WHAT YOU WILL DO
Repeat all the lines below exactly, but omit the pictures.

--- PROVIDED MATERIAL Enclosed Below ---

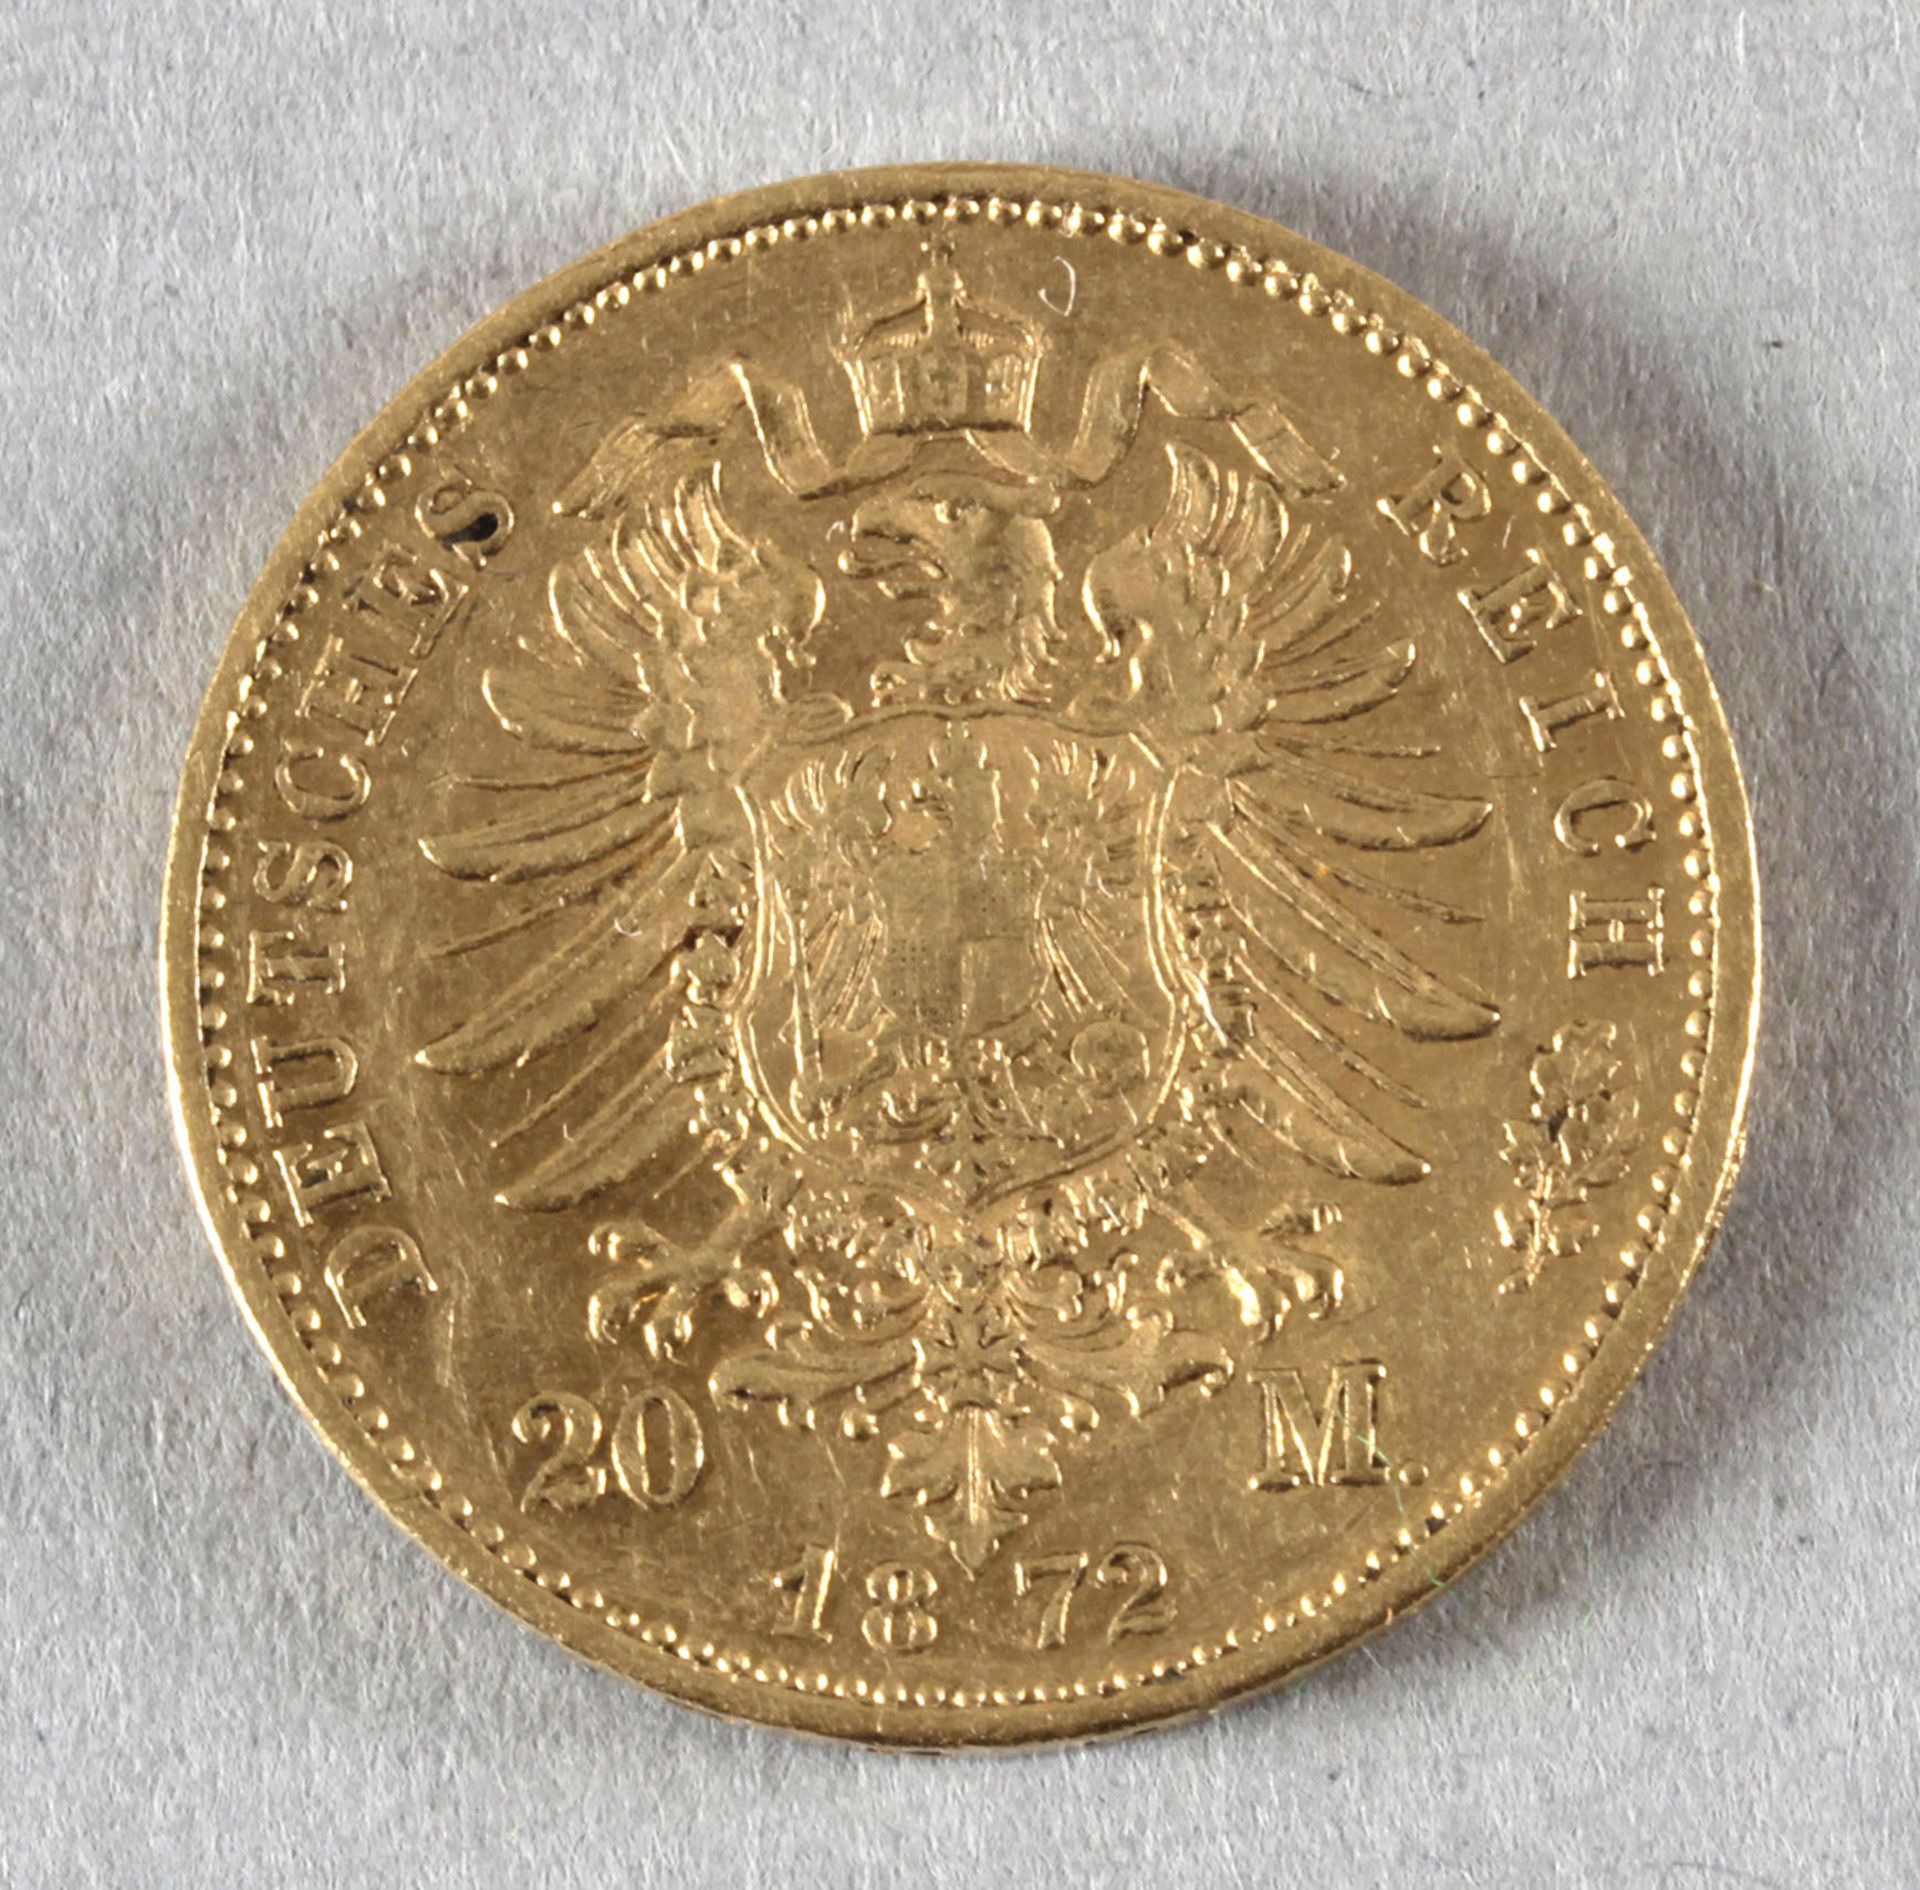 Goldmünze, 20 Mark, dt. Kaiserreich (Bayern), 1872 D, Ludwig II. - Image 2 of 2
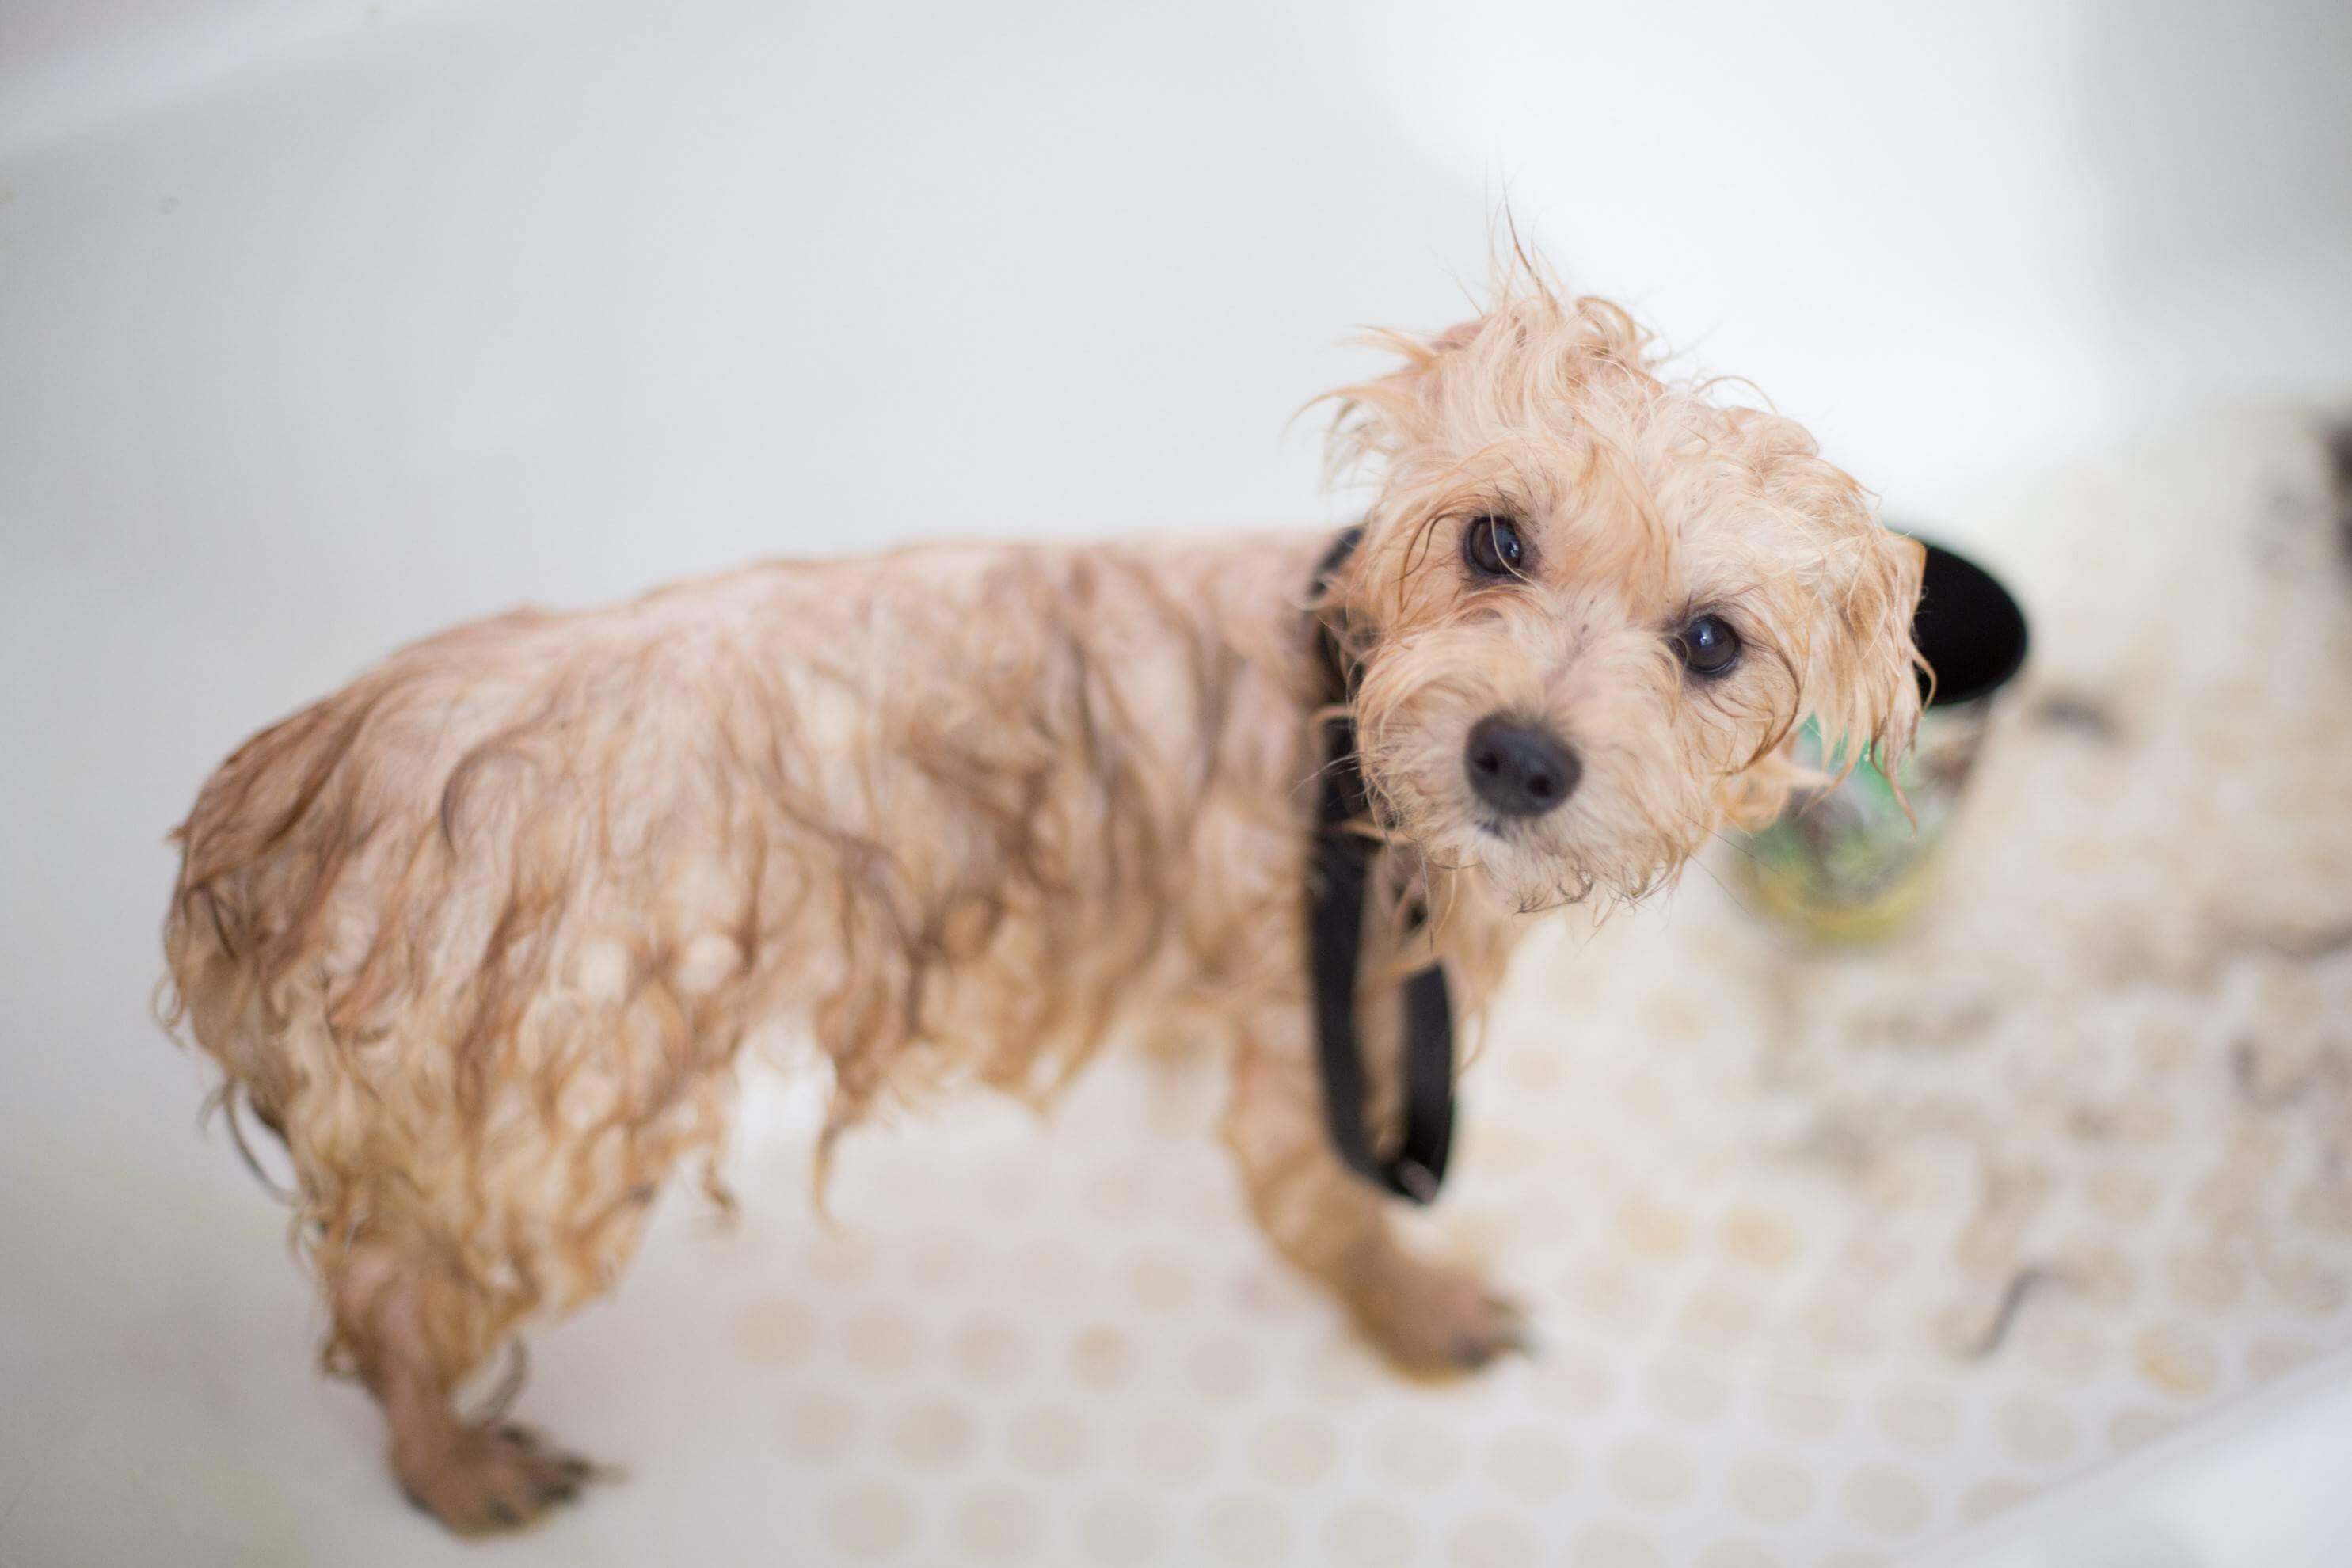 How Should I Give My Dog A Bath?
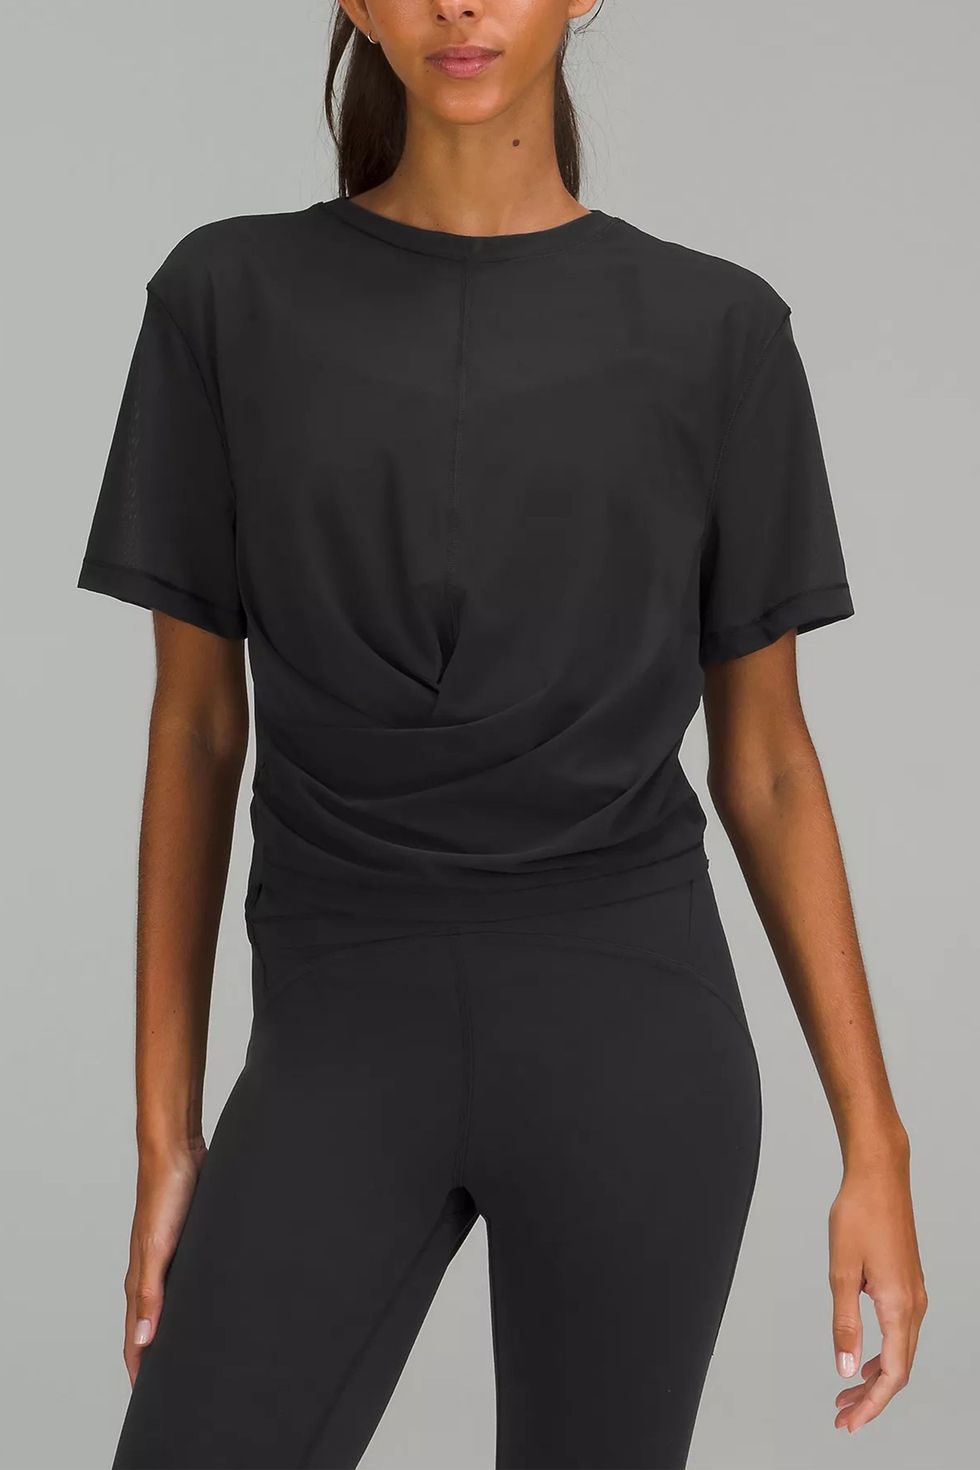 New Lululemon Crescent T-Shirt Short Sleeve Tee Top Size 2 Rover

--- End of Enclosed PROVIDED MATERIAL ---

SOLUTION FOR THIS TASK
 Goldmünze, 20 Mark, dt. Kaiserreich (Bayern), 1872 D, Ludwig II. - Image 2 of 2
 How Should I Give My Dog A Bath?
 New Lululemon Crescent T-Shirt Short Sleeve Tee Top Size 2 Rover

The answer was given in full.